これ以上やばい事をしない内にとベルジェを捕まえて、もちりとしている体を捕まえてもにもにする。手から出ようと藻掻くが、逃す訳は無い。
「こちらの兎は、セルフィさんと契約しているアーティファクトだ。彼女を侮辱しない方がいい。そして、骨を折ってくれた彼女に感謝すべきだ。そのおかげで戦えるのだから」
イクリスさんが反論してくれた事に、私がジーンと感じ入っていると、丁度エンリケ氏は苦労しながらソファを元に戻している所だった。因みにベルジュは例の如く『兎ではないわ!』とお決まりのセリフを言って癇癪を起こしている。でも、兎の形している事実は覆らないからなあ。
「アーティファクトがそんな一般人と契約しているだって?そんなバカな話があるか」
エンリケ氏はベルジェを睨むと、そう言ってフンと鼻を鳴らす。対してベルジュは腕を組んで下から睥睨するではないか。
『バカも何も、現にこうして契約しておる。因みに、貴様にはワシと契約する資格など無いがな
「こんな女に資格も何も無いだろ……」
失礼が過ぎる。
『ワシと契約出来るのは、ニンゲンの中に流れる血の種類だからな。悪人でも善人でも関係無い。合うか合わないか、それだけだ。最も、願いを叶えようとして簡単に触れようとしてくる者は愚か者が多く、相対的に呪われたものが殆どだがな』
知らなかった。血液型的な何かなんだろうか。
何となく空気が悪くなった所で、ギルド長が仕切り直すように”パンッ”と手を打つ。
「はいはい。せっかくアライアンスパーティーで行く事になったのだから、険悪になるのはゴメンよ。仲良くとまでは言わないけど、協力はしてちょうだいネ」
若干ギスっているが、一緒に討伐に行かない訳にはいかないので、再びギルドから狂わずのコンパスと固形の食料をたっぷり渡す。今回はサーリャさんが居るのでギルドからの魔術師の貸し出し人員は居ない。純粋な合同パーティーだ。”悠久”の腕は分からないが”氷雪”の実力は自分で見て知っているので信頼している。

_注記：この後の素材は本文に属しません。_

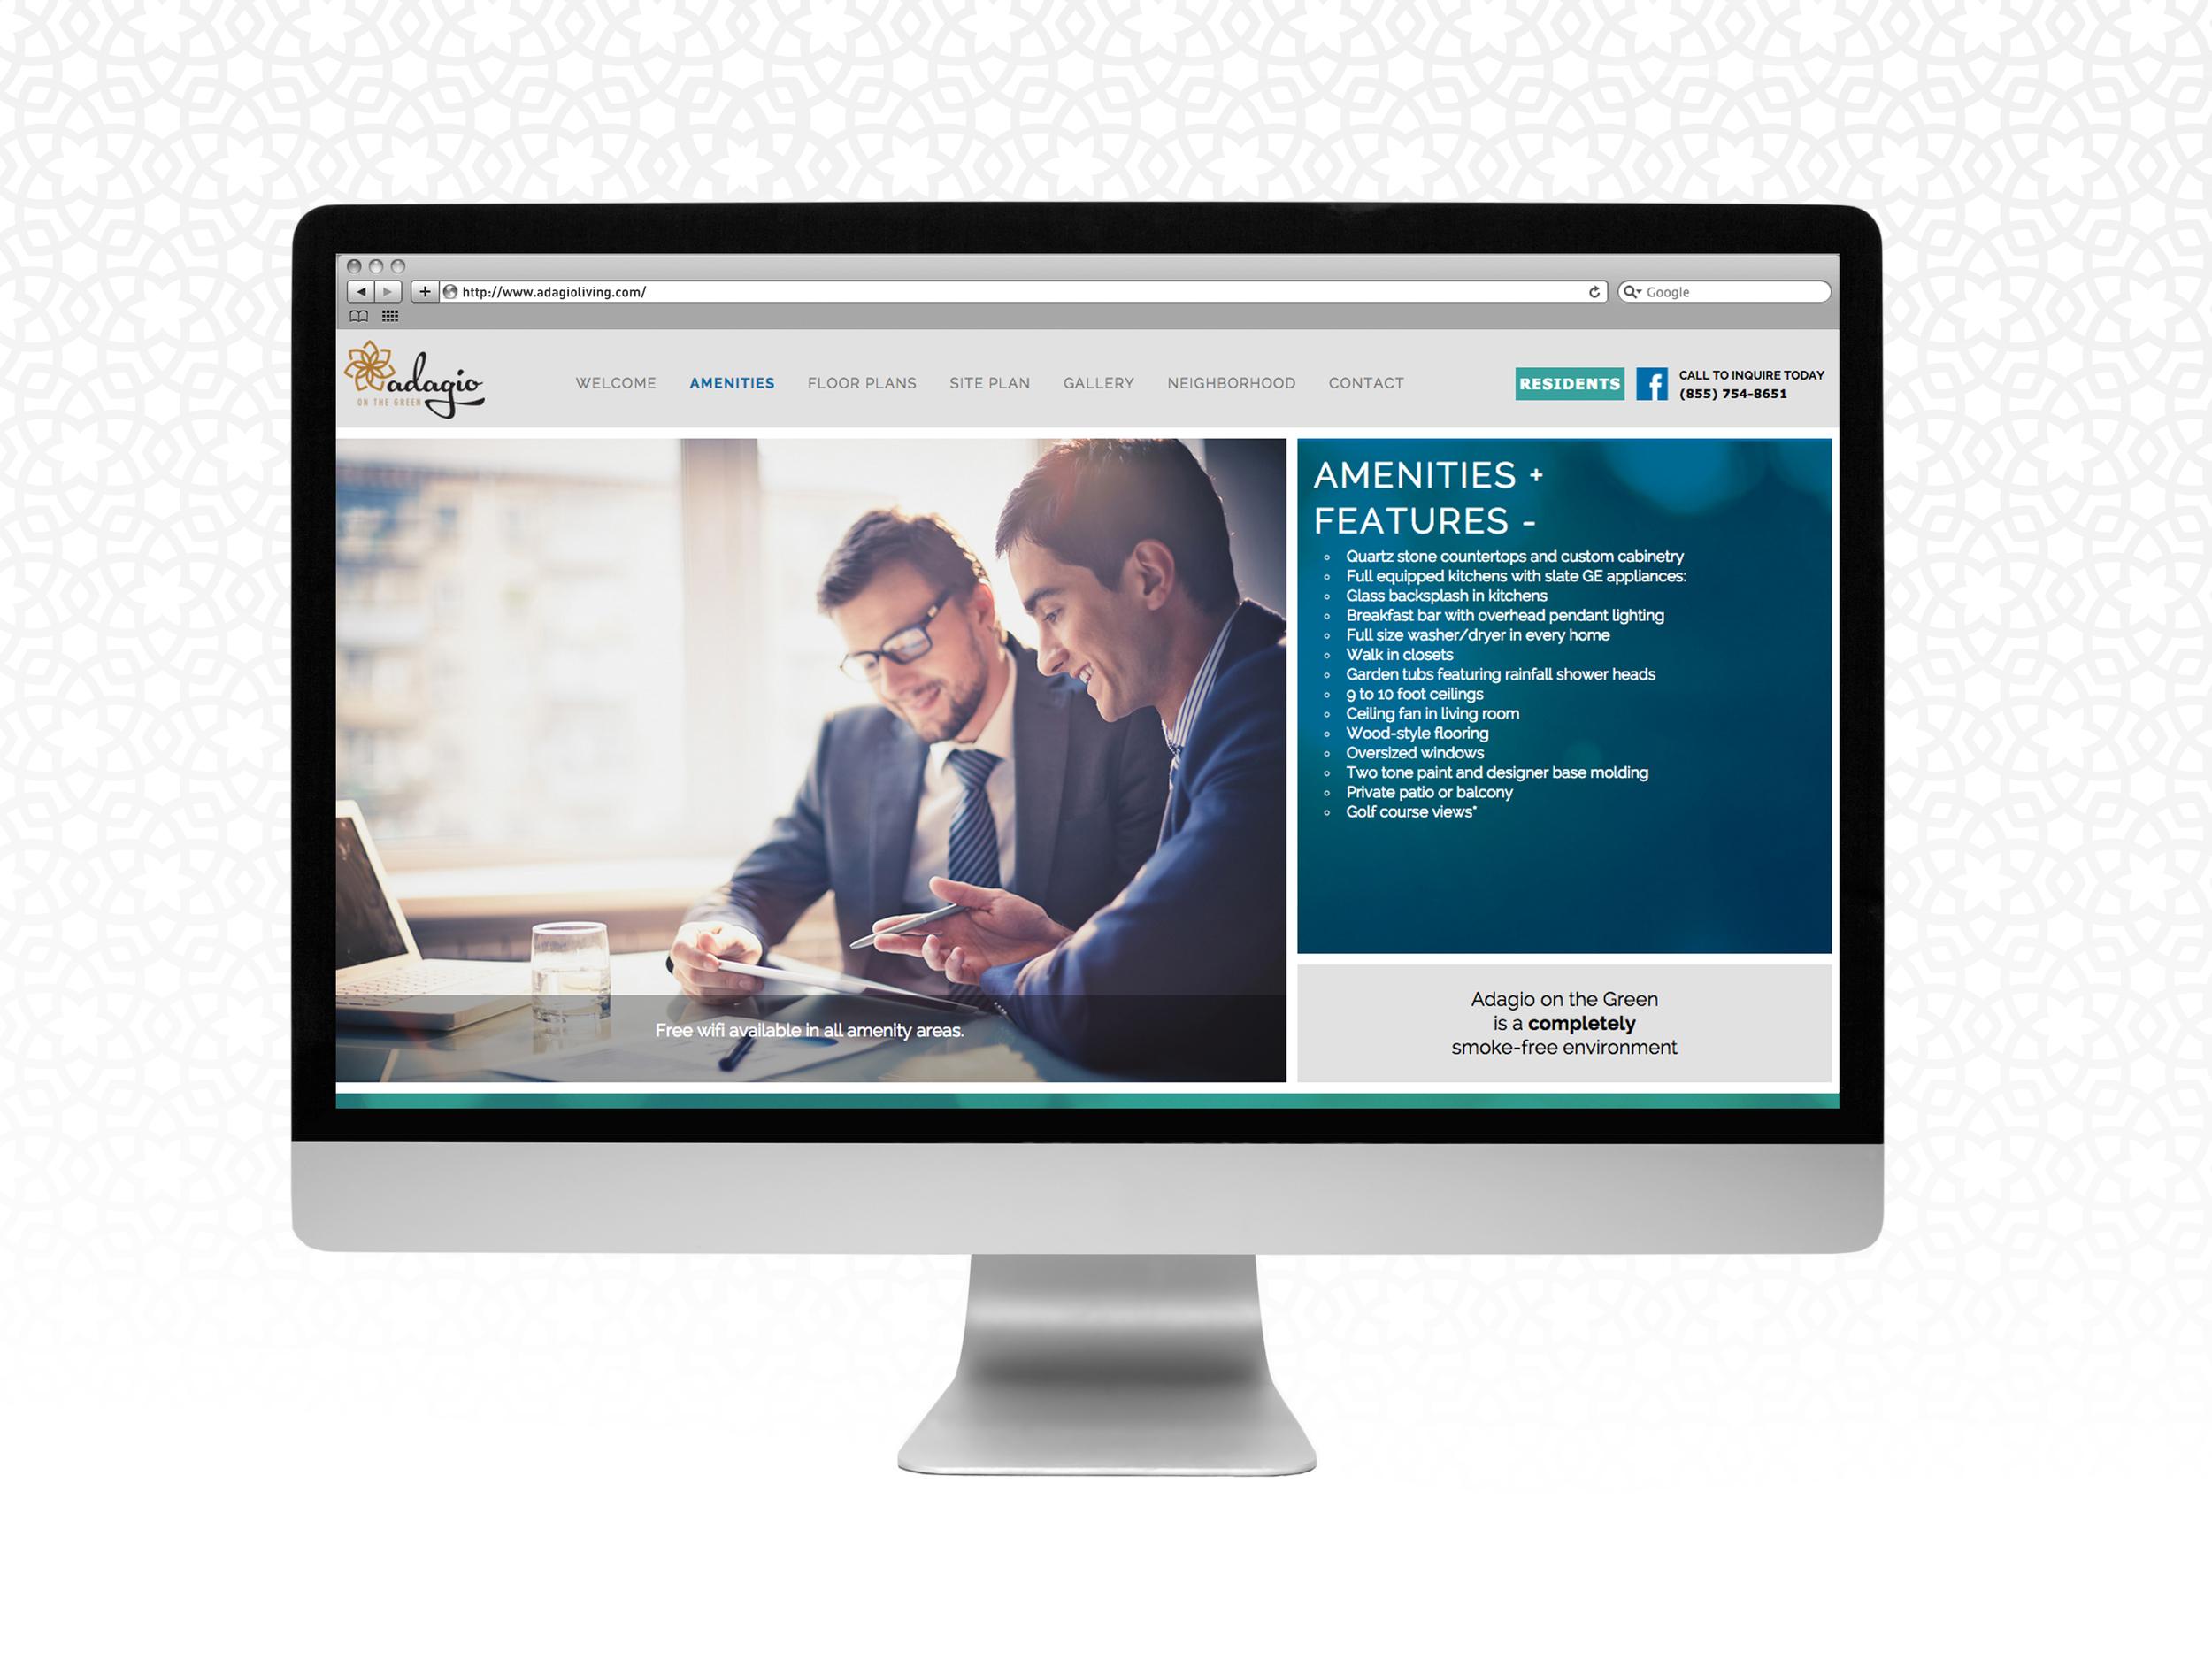 1185 Adagio WebsiteUpdate Desktop 0515_hmv1-02.jpg

問題は”悠久”との連携だ。ランクだけは上なので、”悠久”がマウントでも取らないといいけど。
実は、ランクというのは各冒険者ギルド支部に一任されているので、明確な決まりが無い。駆け出し初心者は流石にEに決まっているが、何をどれだけの数倒したという基準も無い。なので、ある国でAランクでも、他国ではBだったりSだったりする可能性もある。
しかし、エンリケ氏の態度も悪いのだが、他のメンバーも事なかれ主義なのか、いつもこの調子なのか、大して気にもかけていないようだった。まさか海の向こうで居づらくなったからこちらに流れて来たというオチでは無いと思いたい。
ベルジュが助けてくれるなら助かるのだが、契約者の私から離れる訳は無いし、かと言って戦闘が目的な依頼では私は足手まといになってしまう。
準備期間を経る事1週間。釈然としないながらもギルド貸し出しの馬車を見送り、無事を祈るしかなかった。